Coral Reefs: Coral reefs are one of the world’s most important marine ecosystems, both ecologically and economically. They provide food to local communities, support ecotourism industries, and protect coasts by reducing wave energy by as much as 97% (Ferrario et al., 2014). Yet, coral reefs are also one of the most threatened marine ecosystems, impacted heavily by overharvesting, pollution, sedimentation, and climate change. Nevertheless, restoring coral reefs is well worth it; a meta-analysis found that it is nearly 20 times cheaper to restore coral reefs than to construct artificial systems for coastal protection (Ferrario et al., 2014). As such, several initiatives are now in progress to restore coral reefs, ranging from transplanting corals and boosting sea urchin populations for seaweed control to creating artificial reefs that can act as substrate for coral settlements (Lindahl, 2003; Edwards and Gomez, 2007).

The future of ecological restoration

Research in restoration ecology has grown rapidly in recent years. Many reviews (e.g. Suding, 2011) and books (e.g. Falk et al., 2016) have recently been published on the topic. The Society for Ecological Restoration (SER) was established in 1988 to support the field, and two scientific journals (Restoration Ecology and Ecological Restoration) publish hundreds of papers each year on the topic, in addition to the papers published in other ecological and conservation journals. The growth in research provides scientists and land managers more studies and evidence to inform planning and improvement of restoration projects.

A recent development in the field involves biodiversity offsets (ten Kate et al., 2004; MacFarlane et al., 2016). A system generally used by developers, biodiversity offsets aim to achieve no net loss of biodiversity during economic development; some projects even aim for a net overall biodiversity gain. Developers accomplish this by compensating for the ecosystem damage (or loss of threatened species populations, Kormos et al., [2014]) that may be incurred during a development project. This compensation usually follows one or more of three main strategies: (1) reducing the extent of damage at the development site, (2) restoring or protecting natural communities at a different “receptor site” as compensation for what is being lost, and (3) enhancement of the remaining natural communities after development.

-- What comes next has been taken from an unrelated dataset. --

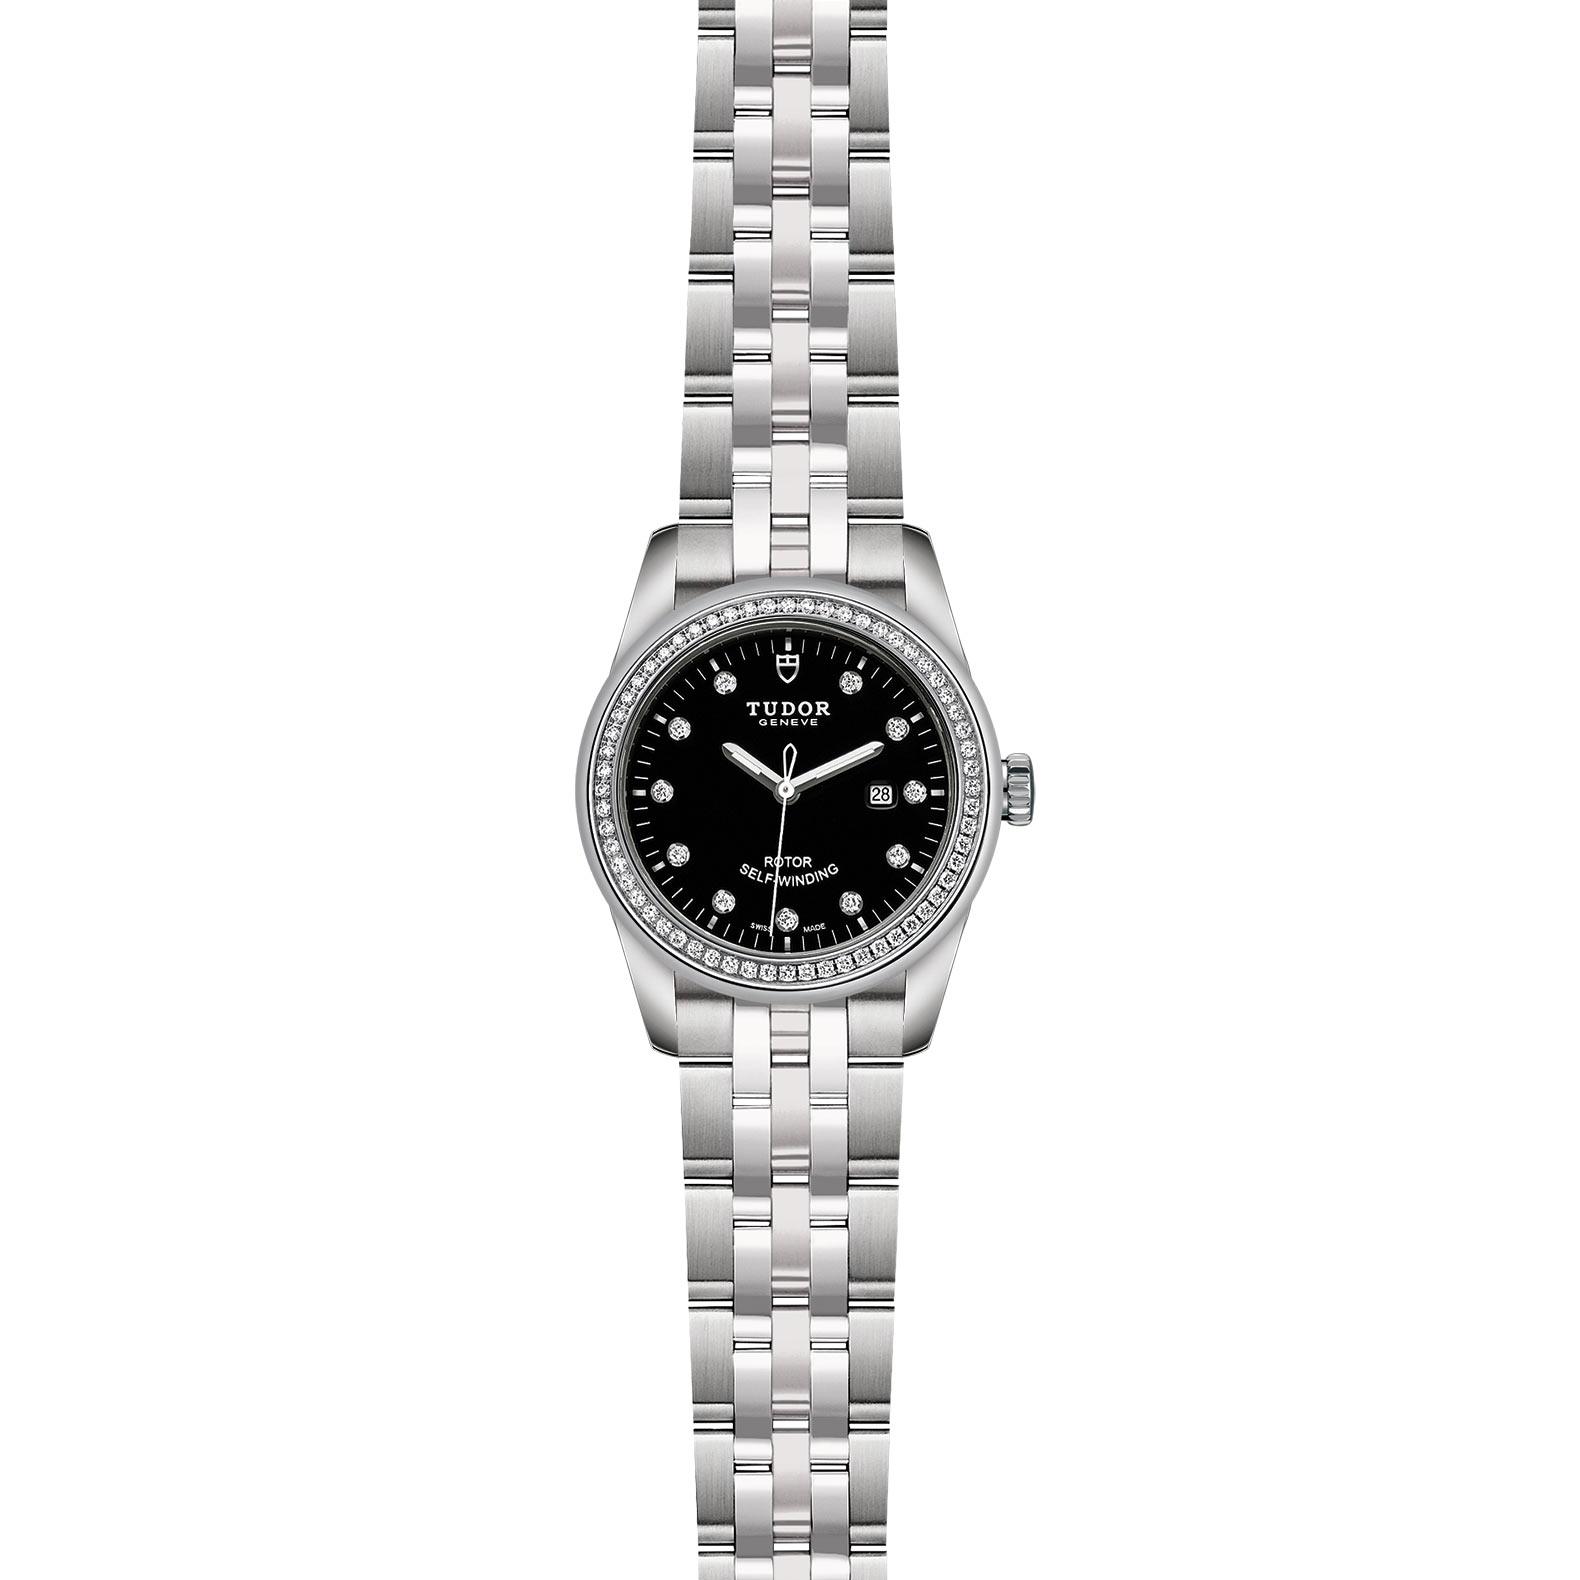 TUDOR Glamour Date M53020 0007 Frontfacing

While biodiversity offsets (and other restoration initiatives in general) sound good in theory, it is important to remember that the most effective biodiversity conservation strategy remains protecting and managing intact ecosystems. Studies and practical experience have shown that ecological restoration efforts often fail to recreate key characteristics of their reference sites, including species composition or ecosystem functioning, even after years of effort and investment. It is also important to remember than some ecosystems regenerate very slowly—tropical forests require more than 100 years to develop (Bonnell et al., 2011)—so even effective restorations may take decades to provide the full range of benefits. In cases where biodiversity offsets are pursued, it is critical to ensure that these initiatives indeed offer true conservation gains by mitigating the various associated risks (Coralie et al., 2015; Gordon et al., 2015; Maron et al., 2016).